Bullying is Not a New Issue

by Tommi Avicolli-Mecca on October 6, 2010

School bullying is not a new issue. You wouldn’t know that to see all the reports popping up in the mainstream media. America has suddenly “discovered” that LGBT kids are being terrorized every day in schoolyards all over the country. They’re even committing suicide to escape the torment.

While it’s good that the nation’s waking up to a problem that has become epidemic, it’s disheartening to know that so many lives have been ruined while teachers, principals and school boards looked (and in many instances continue to look) the other way.

I was bullied in school, bullied to the point that I wanted to die. My crime? I was, as they now say in academic circles, “gender non-conforming.” I liked to play with dolls instead of guns. I preferred jump rope to sports.

I was a sissy. In the 50s and 60s, that was a serious crime. Men were supposed to be like John Wayne: tough and invulnerable, the bullies, not the bullied.

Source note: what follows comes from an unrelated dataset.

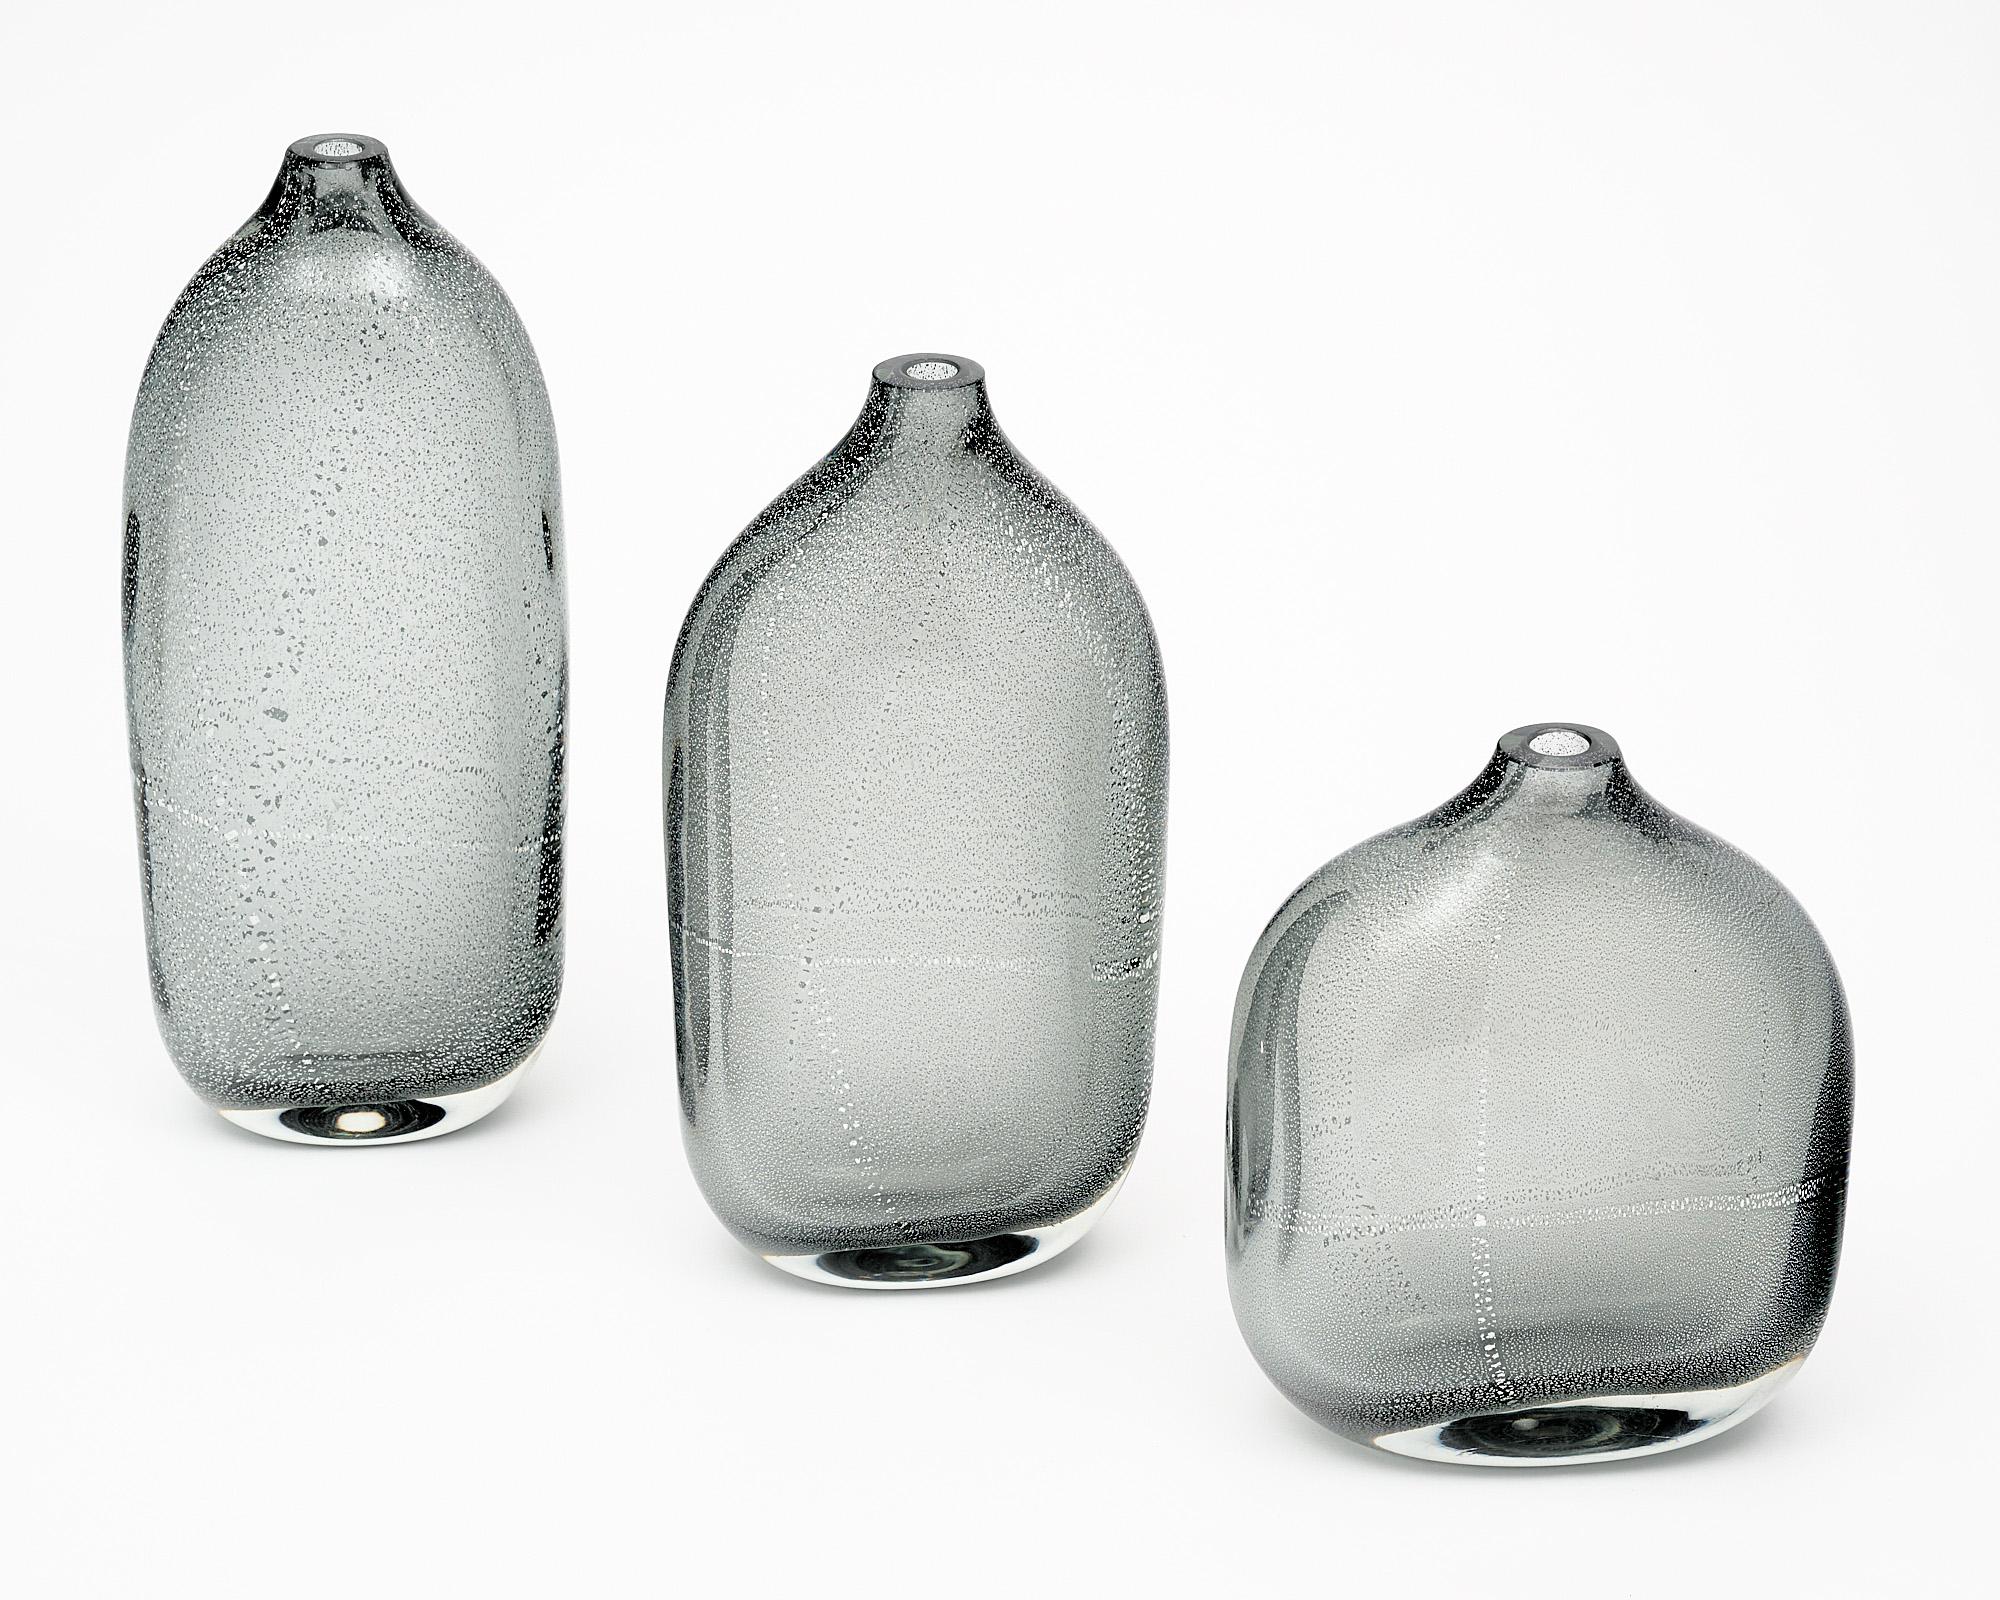 Satz von drei Vasen oder Flaschen aus mundgeblasenem Murano-Glas. Jedes Stück wird mit der Avventurina-Technik hergestellt, bei der Blattsilber während des Glasblasens in das Glas eingeschmolzen wird. Der Preis bezieht sich auf einen Satz von drei

It wasn’t just the other kids. In fifth grade, a nun at the annual parents night told my mother I was a good student, but she worried that there was “something wrong” with me because I draped my sweater over my shoulders “like a girl.” She said it in front of several other parents. It didn’t take long for word to spread like wildfire all over the neighborhood. The harassment and the threats of violence intensified.

That nun was as much a bully as any kid in the schoolyard.

They all were, all of the adults who saw what was happening and did nothing. It wasn’t a secret. They all knew, yet they stood by and watched. They were complicitous by their silence.

Fortunately for me, the bullying stopped in my final years of high school after I started growing my hair in defiance of school policy and mouthing off in religion class about how I doubted the tenets of the Catholic faith. One priest made me stay after school and scrape gum from the bottom of desk tops. Another threw me against a blackboard. It was okay to be bullied, but not to question the faith.

I may not be an expert on how to stop bullying, but I know instinctively that legislation alone is not going to do it. Nor are all the well meaning policies in the universe, unless they address the culture of bullying and the homophobia and transphobia that is entrenched in the halls and school yards of educational institutions throughout this country.

One need only walk through a high school corridor anywhere and at any time in America to hear the litany of “faggot” and other anti-gay words that are such common put-downs among the young.

Kids aren’t born hating queers or those who are different from them. Church and family must share the blame for fostering anti-queer attitudes that feed bullying. They must become part of the solution.

Otherwise, more bullied kids will opt to end their misery in the only way they think works.

In 1982, Tommi Avicolli Mecca wrote “He Defies You Still: The Memoirs of a Sissy” for Radical Teacher. Since that time, the article has been reprinted in several anthologies, including “Reconstructing Gender” ( Disch) and “Intersections of Gender, Race and Class” (Segal and Martinez). It’s also been used in classrooms throughout the country.